In 2017, the State of Florida and the Orlando Sentinel (then the Orlando Morning Sentinel) formally apologized for the Miscarriage of justice where the paper described its then coverage of the case before the Grand jury met as "inflammatory" and conducive to misinformed public opinion about the guilt of the 4 men.

==Honors==
The Topic stories about false charges, police beatings, and the death of persons in Lake County primarily focused on the poor and persons of color, which was not supported at the time but ultimately was the correct course taken by Reese, leading to her commemoration in 2020 with a bust and tribute in Mount Dora.
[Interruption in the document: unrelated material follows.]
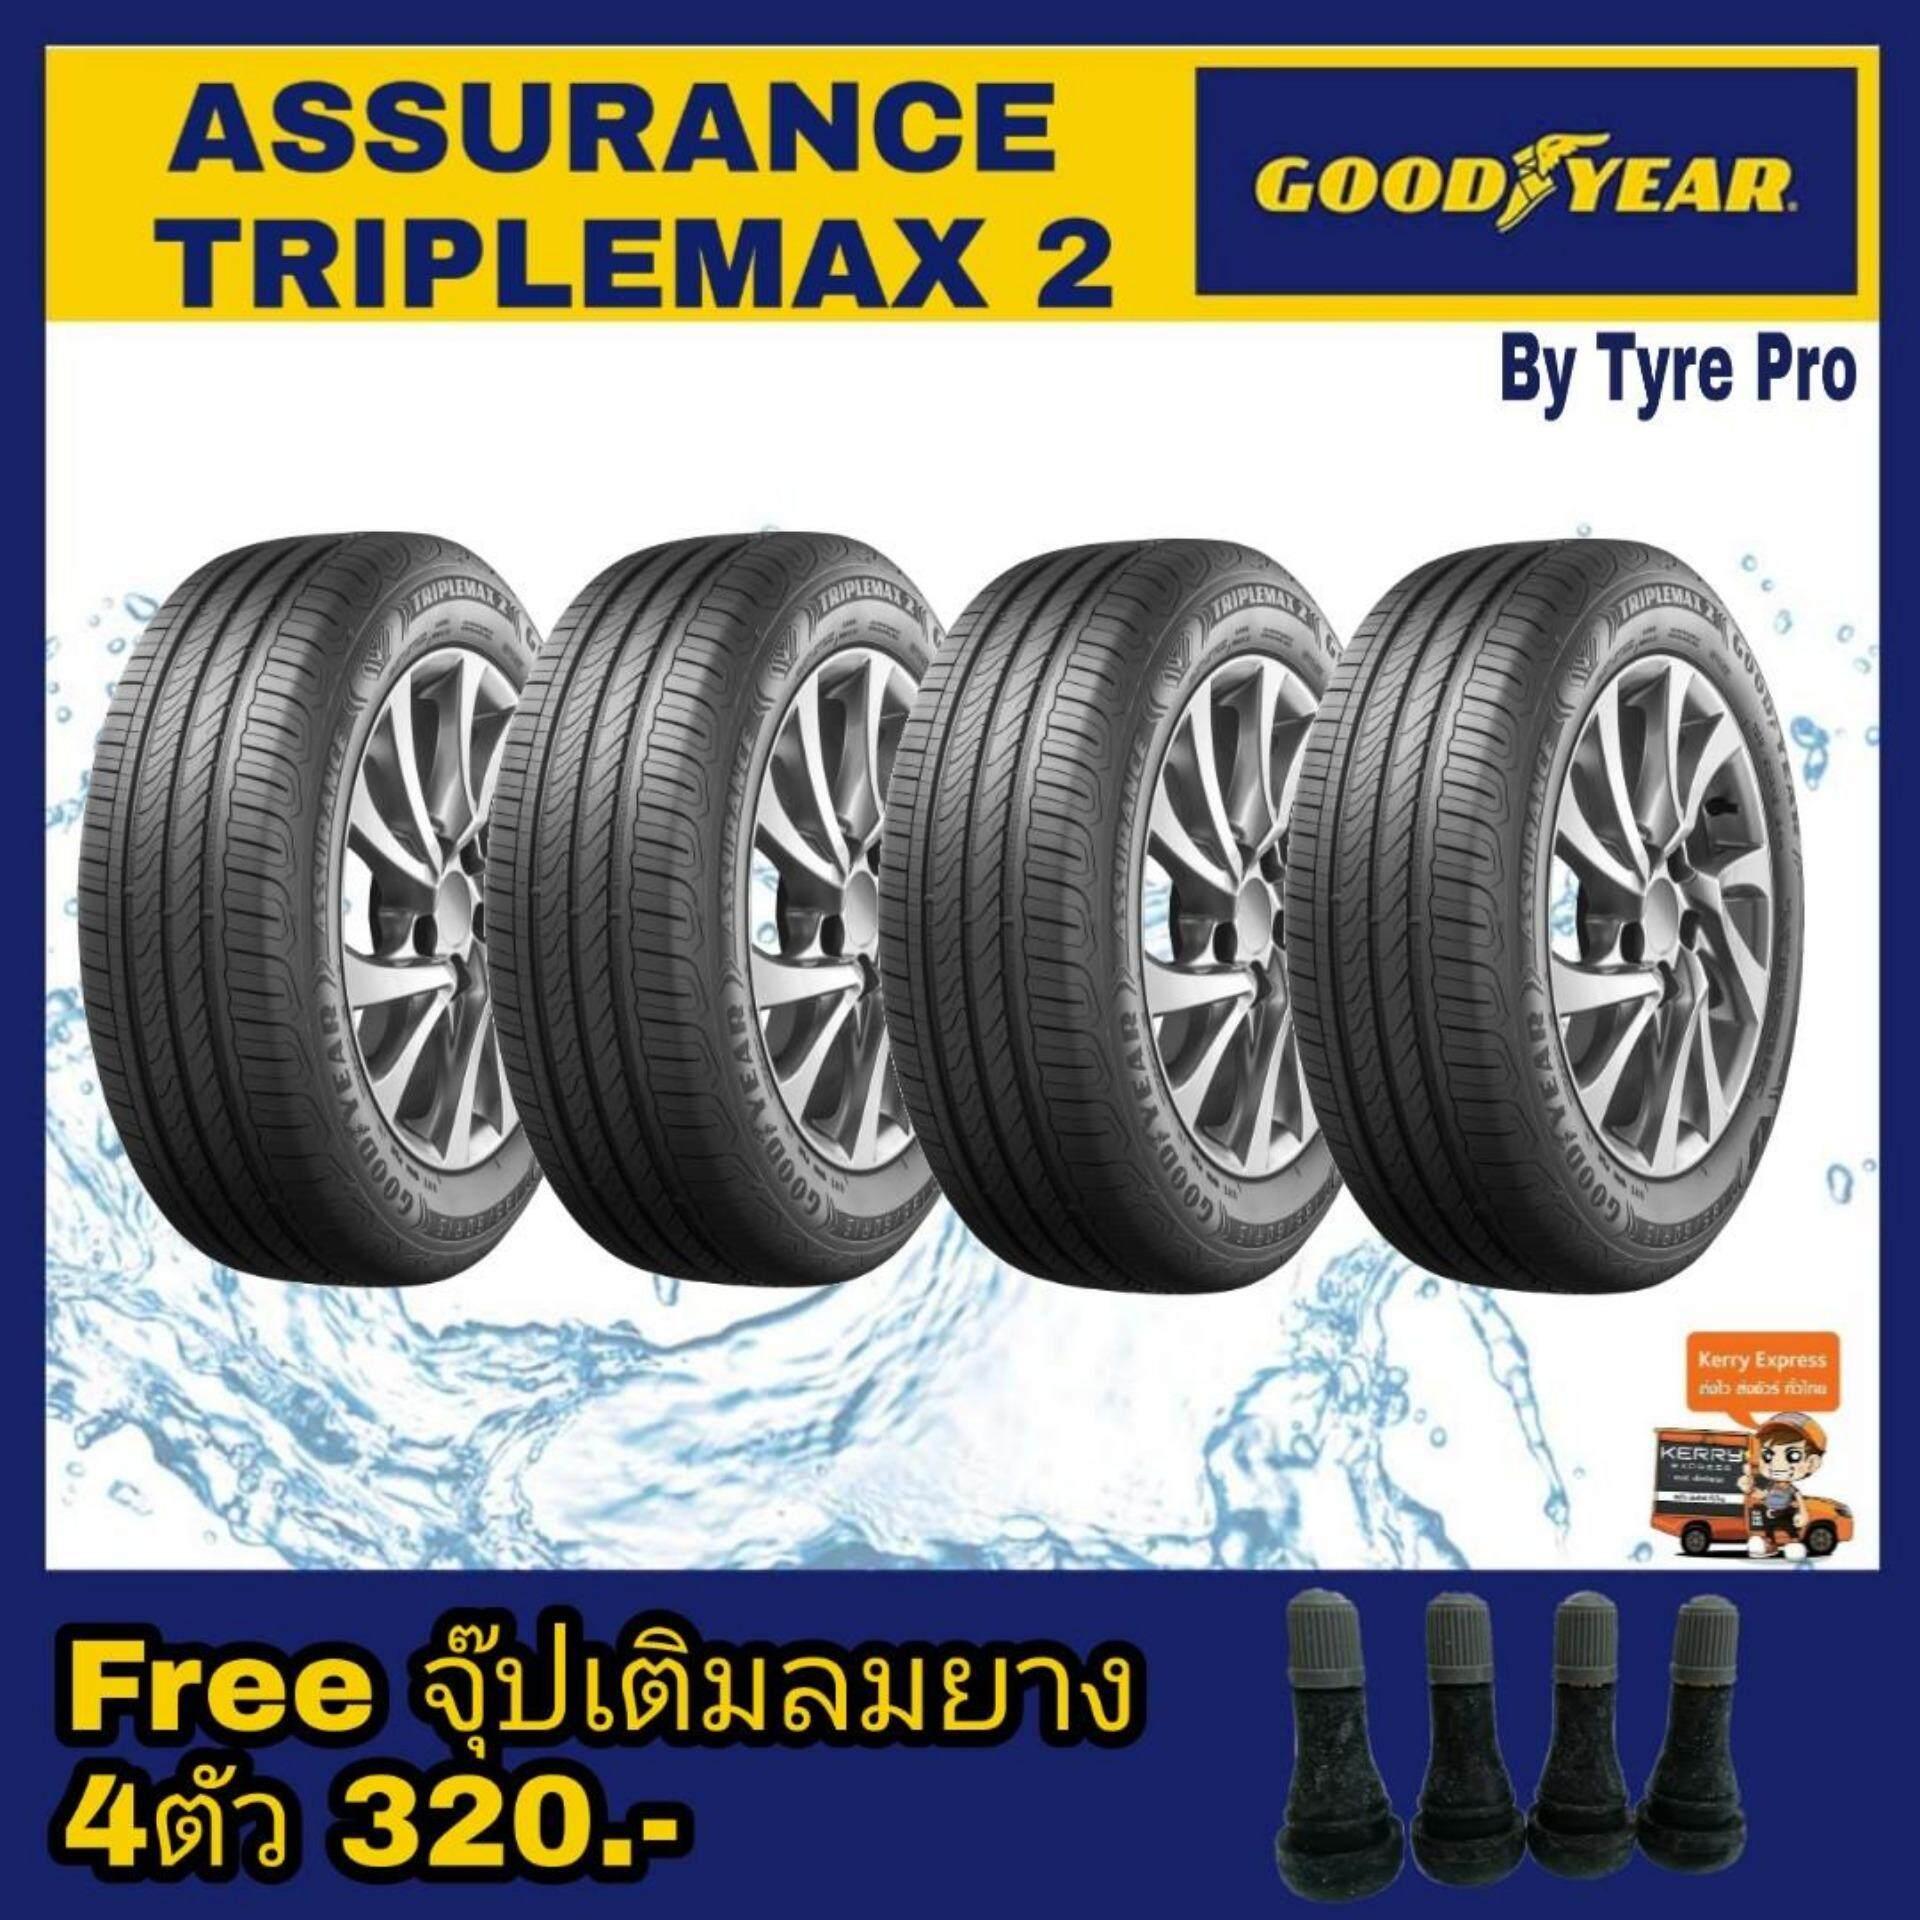 น่าน Goodyear ยางรถยนต์ขอบ16 195/50R16 รุ่น Assurance TripleMax2 (4 เส้น)

Mount Dora activist Gary McKechnie started a "Remember Mabel" campaign, raising the funds for a terra cotta sculpted bust that incorporated things like dirt from her former front yard that was firebombed and details like the replica MR key from her typewriter. Lake County Commissioner Leslie Campione, in presenting the honor, said, "She exposed wrongdoing, and she fought to make things right".
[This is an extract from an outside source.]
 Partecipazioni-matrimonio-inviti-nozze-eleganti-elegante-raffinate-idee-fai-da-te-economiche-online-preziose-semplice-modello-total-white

 She was also nominated to the Florida women's hall of fame in 2019 but was not a finalist. Reese was the first recipient of the Courage in Journalism award named for abolitionist editor Elijah Parish Lovejoy, a victim of mob violence after they repeatedly destroyed his printing press. The state press association gave her awards for both news and editorial writing, and to the Topic for best weekly newspaper in 1955.

==Death==

Mabel and her husband Paul H. Reese divorced in 1960 and they sold the Mount Dora Topic. She moved to Daytona Beach with their daughter, Patricia, where she wrote columns for the Daytona Beach News. Patricia died in August 2017, at the age of 74. Mabel remarried to A. Chesley. She passed at home in Daytona Beach in 1995 at age 80.